Measured sponge trough dimension parameter boxes from Figure 4 are overlain by theoretical sponge trough width-to-height ratio slope plots from Figure 7. Sponges categorized in Table 1 that plot below the 1:1 ratio slope line with w>h occur predominately in high energy paleoenvironments, while those plotting above or near to the 1:1 ratio slope line with w<h can also occur in moderate to lower energy settings.

CONCLUSIONS

Constructional energy was conserved by ornamented Ordovician anthaspidellid sponges that increased their surface-to-fluid exposure for greater nutrient intake by adding ridge-and-trough geometries to outer-wall surfaces without constructing additional gastral surface area.

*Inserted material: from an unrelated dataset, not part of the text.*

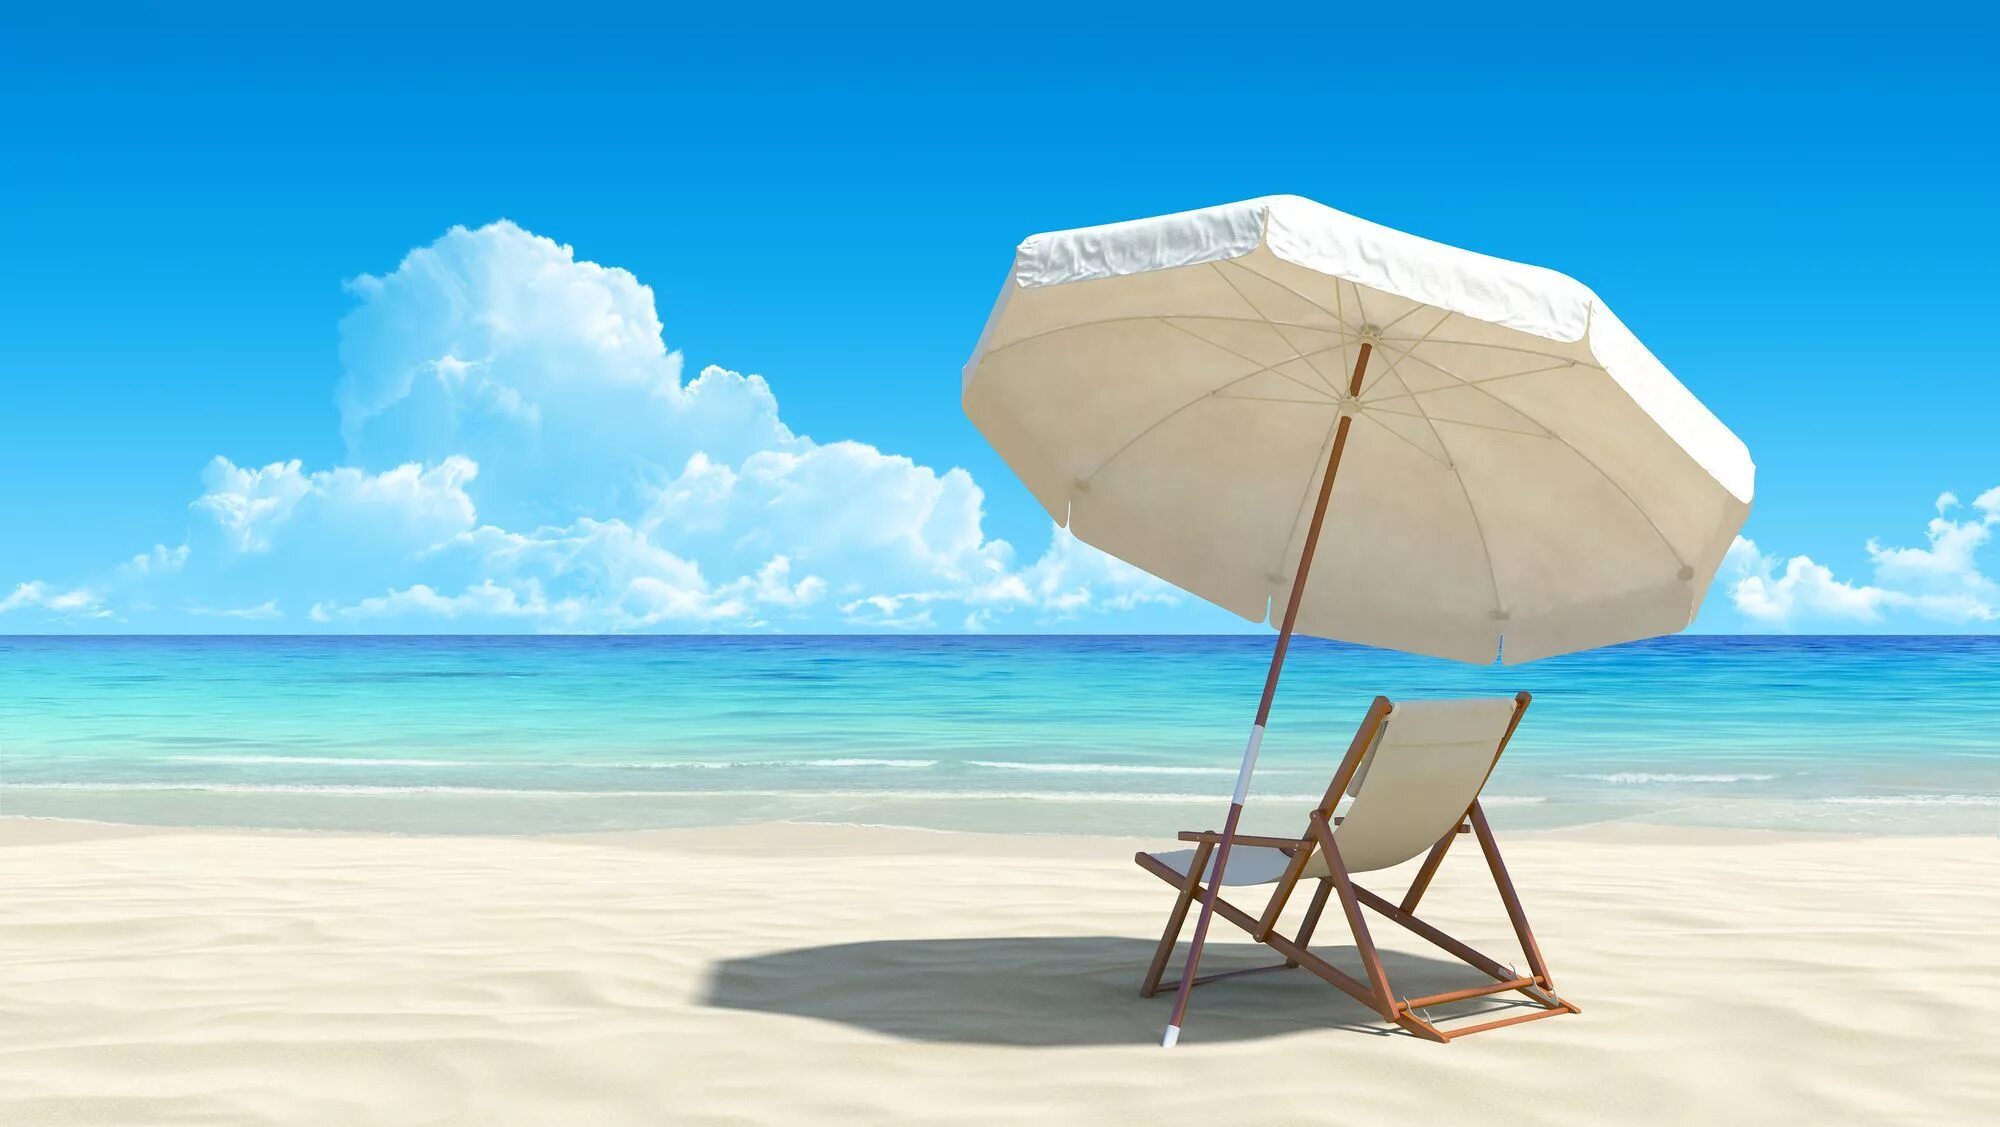 Дон релакс. Шезлонг на пляже. Зонт для пляжа. Пляж с лежаками и зонтами. Пляж зонтик шезлонг.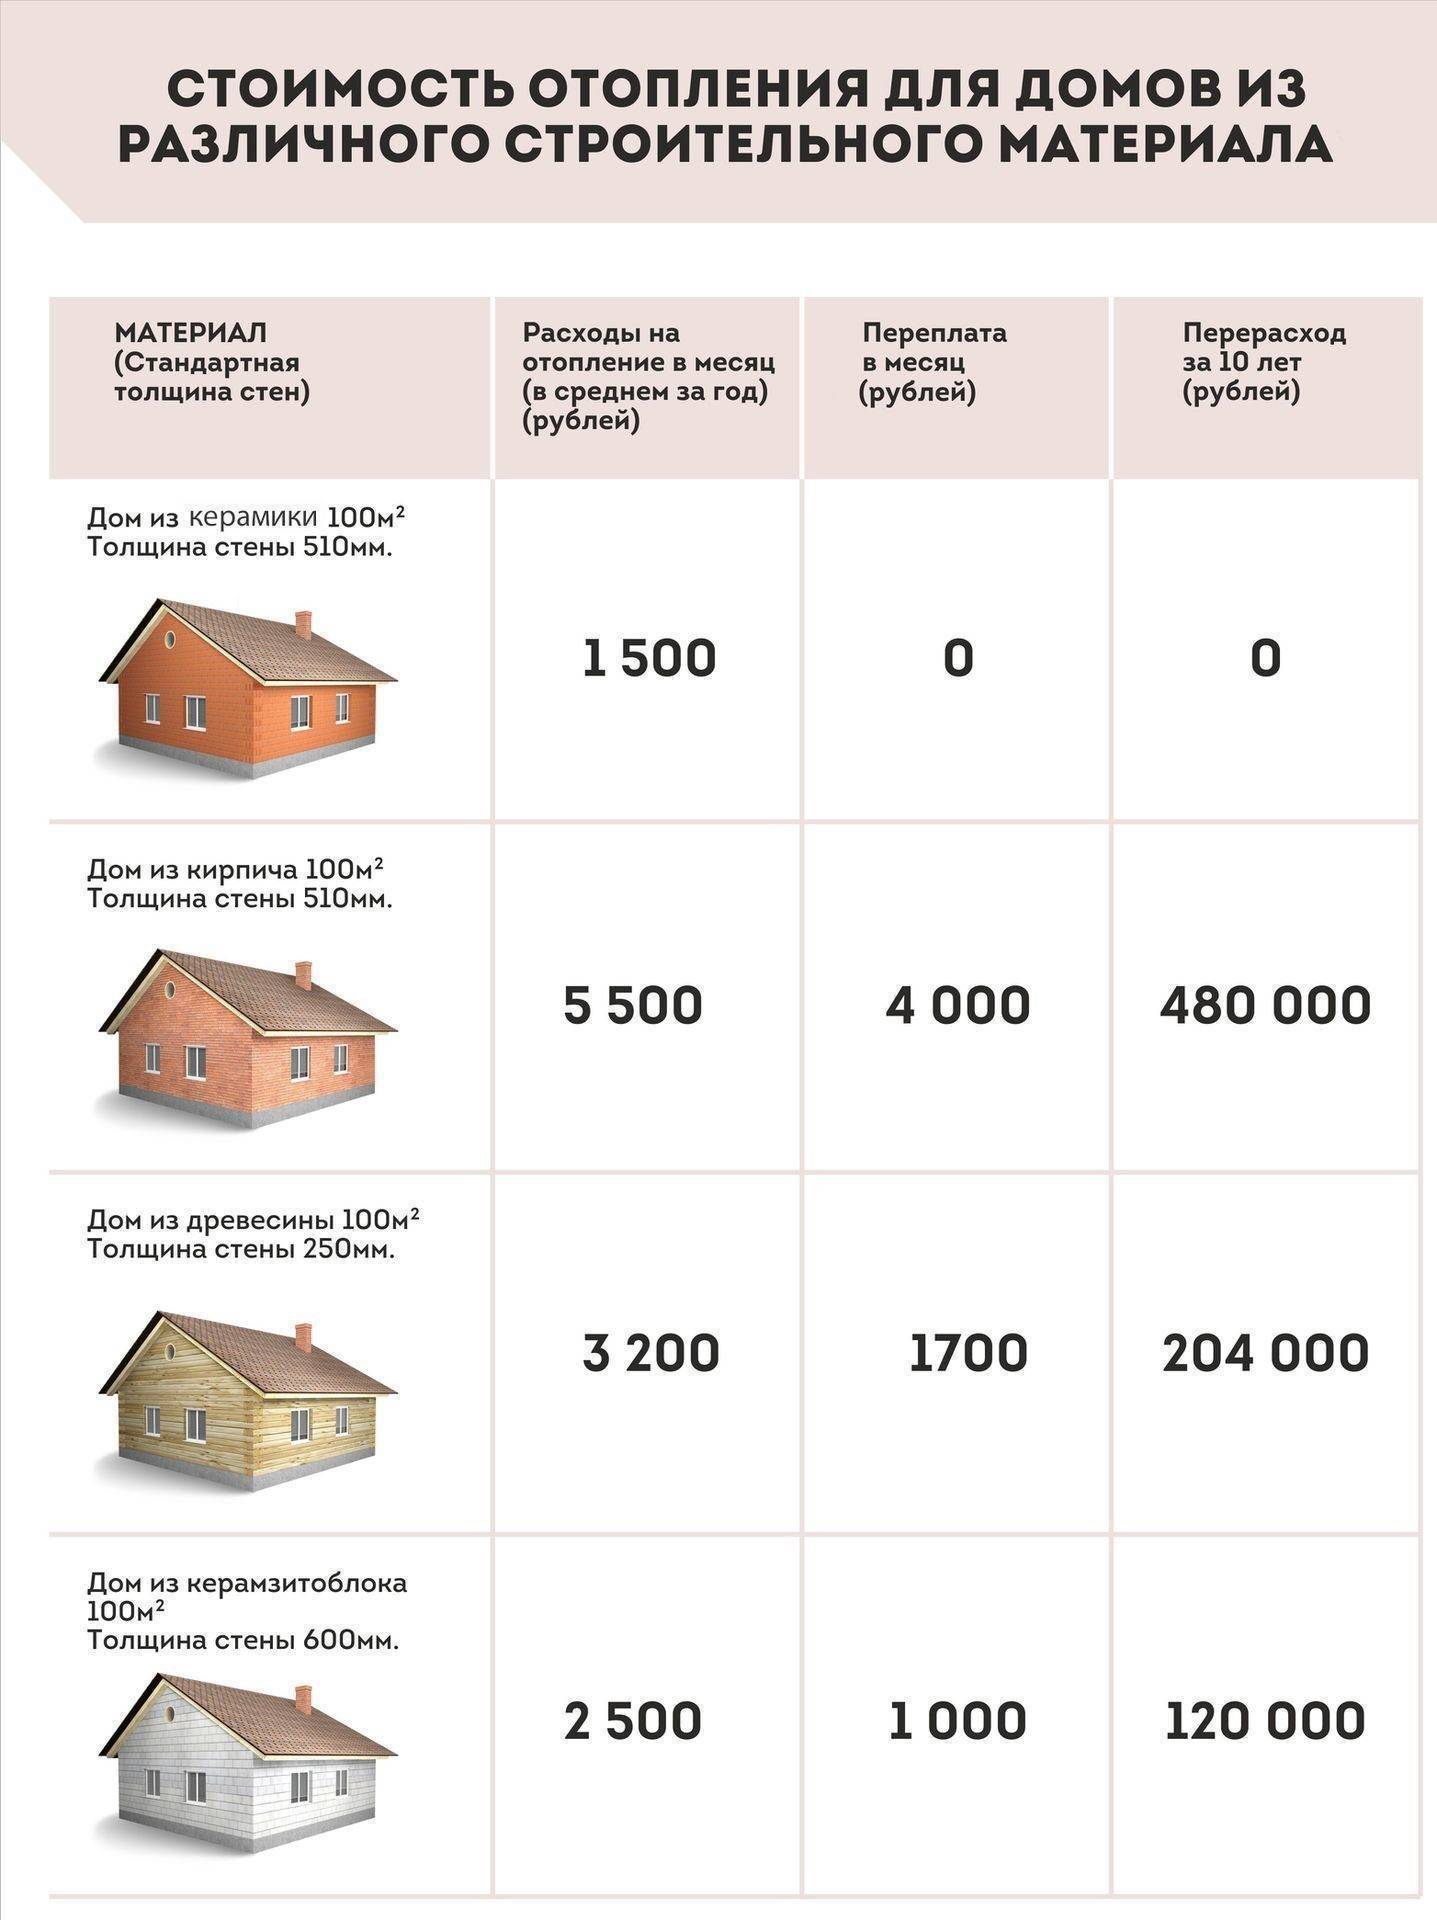 Как рассчитать стоимость заливки фундамента под дом и методы экономии - построй дом сам

Annulated anthaspidellid sponge ridge-and-trough constructional strategy also potentially slowed high fluid velocity through hydrodynamic vortex formation and altered dimensions of sponge outer-wall features in response to the magnitude of prevailing currents. High-energy current flow settings were predominately occupied by sponges having ridge-and-trough structures with w>h trough dimensions. Ornamented sponges with w<h trough dimensions or dimensions approaching w=h are found in high-energy paleoenvironments but also occupied moderate to low-energy settings, where their surface-to-fluid exposure per unit area exceeded that of sponges with widely spaced surface ornamentations.